Mukhtar al-Akhdar, a member of the Rally of Libyan Thuwar (Tajammu thouwar libia), feels a distinction must be drawn between the original rebels, combatant and non-combatant, and the late-comers, the “spray-paint rebels” (thuwar al-bakhakha) whose sole contribution to the uprising was to paint revolutionary slogans on the walls when Tripoli was about to fall. It is a question of “protecting the revolution,” or in other words, organising an alternative to the institutions established after the election.

So national reconciliation, watchword of the NTC, is proving elusive. The model prison experiment in Misrata deserves a mention, as one among many. Here, in a city that is famous for its martyrs and generally averse to any form of pardon, the governor Fathi Abdessalam Dard is happy to explain to visitors his plans for rehabilitating former enemies through Islam. A splendidly bearded adherent of Wahhabi Salafism, he shows visitors all round the prison -- which currently has 728 inmates, mainly former members of Gathafi’s forces. Almost all have beards and shaven heads. They are full of praise for the governor, who cracks jokes with them and is always ready to listen to any complaints about the physical conditions. The Salafists, unlike the Muslim Brotherhood, have no political ambitions and are not to be confused with the jihadists who claim responsibility for the recent attacks on foreign interests in the eastern part of the country and also in Misrata.

The official image of Libya promoted by the NTC and the governments of the western powers that intervened in the war is the image of a united country entering a new phase of prosperity and democracy, but the reality is not so rosy. The complex mosaic of regions, towns and tribes has never looked so fragmented, so disunited, a collection of mini-estates each with its own feudal lord and its own army. The structure of the state and the relationship between local and national authorities are the crucial issues here, but at present no-one can see what form the changes may take. There is a danger that the current situation -- “neither peace nor war” -- may continue, with a high level of residual violence, less serious than the violence reported in Iraq since the US invasion in 2003 but still a cause for concern.

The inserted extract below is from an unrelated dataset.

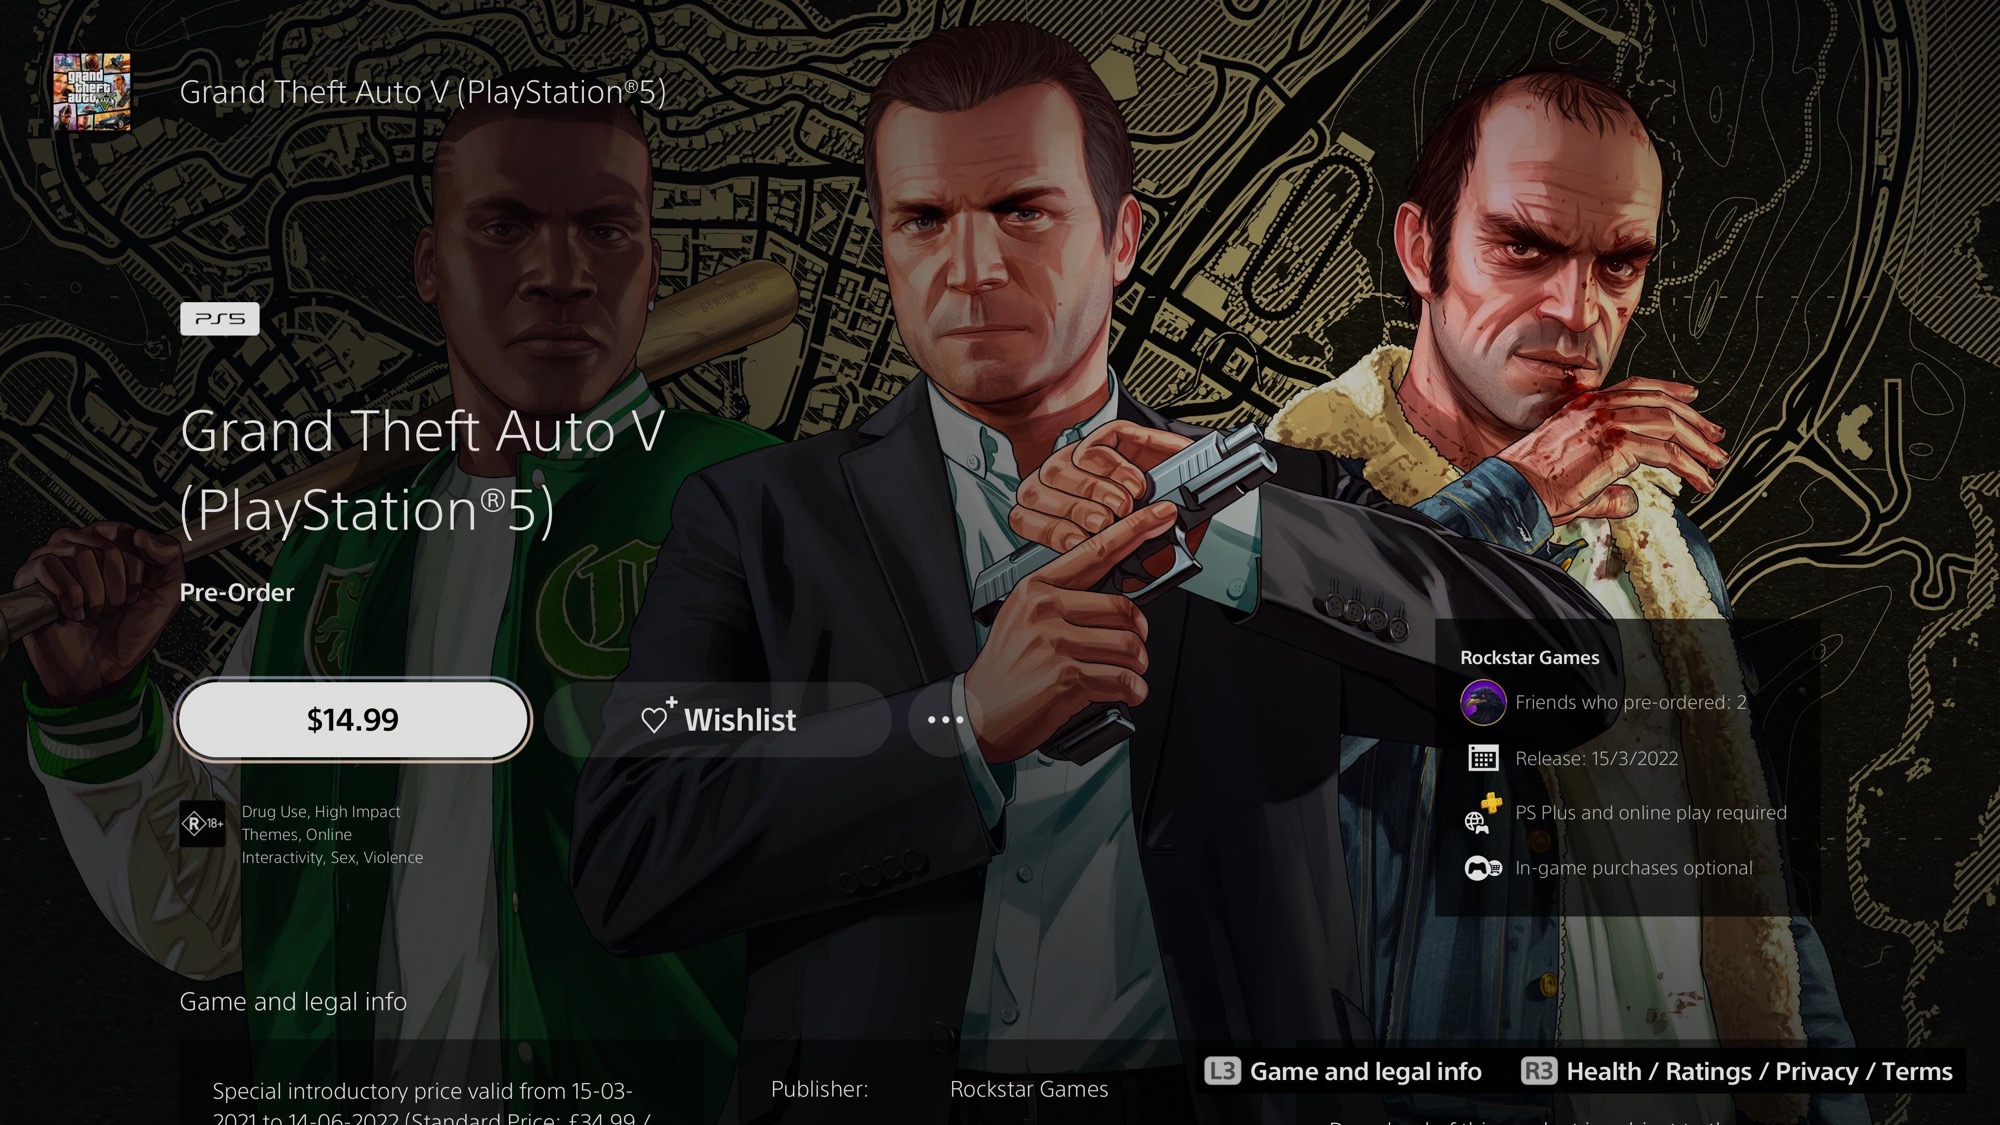 GTA5 PS5 Price Revealed, Will Cost $10 Until June, $20 After GTA

On the economic front, the return of the foreign oil companies established in the country before the war (Italian company Ente Nazionale Idrocarburi, French Total, German Wintershall, Spanish Repsol, and US companies ExxonMobil and Marathon Oil), operating mainly on sites guarded by local tribal militias, means that by the end of May 2012 Libyan production was back to the pre-intervention level of 1.6m barrels a day. The rebuilding operations, at an estimated cost of $200bn over 20 years, could prove to be more complicated than expected for the foreign undertakings on account of the widespread violence. On the other hand, instability offers substantial opportunities for private security firms and military outfits to make good money, and more than a dozen have already been engaged by France alone -- all paid for out of the pockets of the “Libyan people,” the people NATO forces were sent to rescue.

Translated by Barbara Wilson

Patrick Haimzadeh was a diplomat at the French embassy in Tripoli from 2001 to 2004. He is the author of Au Coeur de la Libye de Kadhafi (Inside Gathafi’s Libya), Jean-Claude Lattès, Paris, 2011.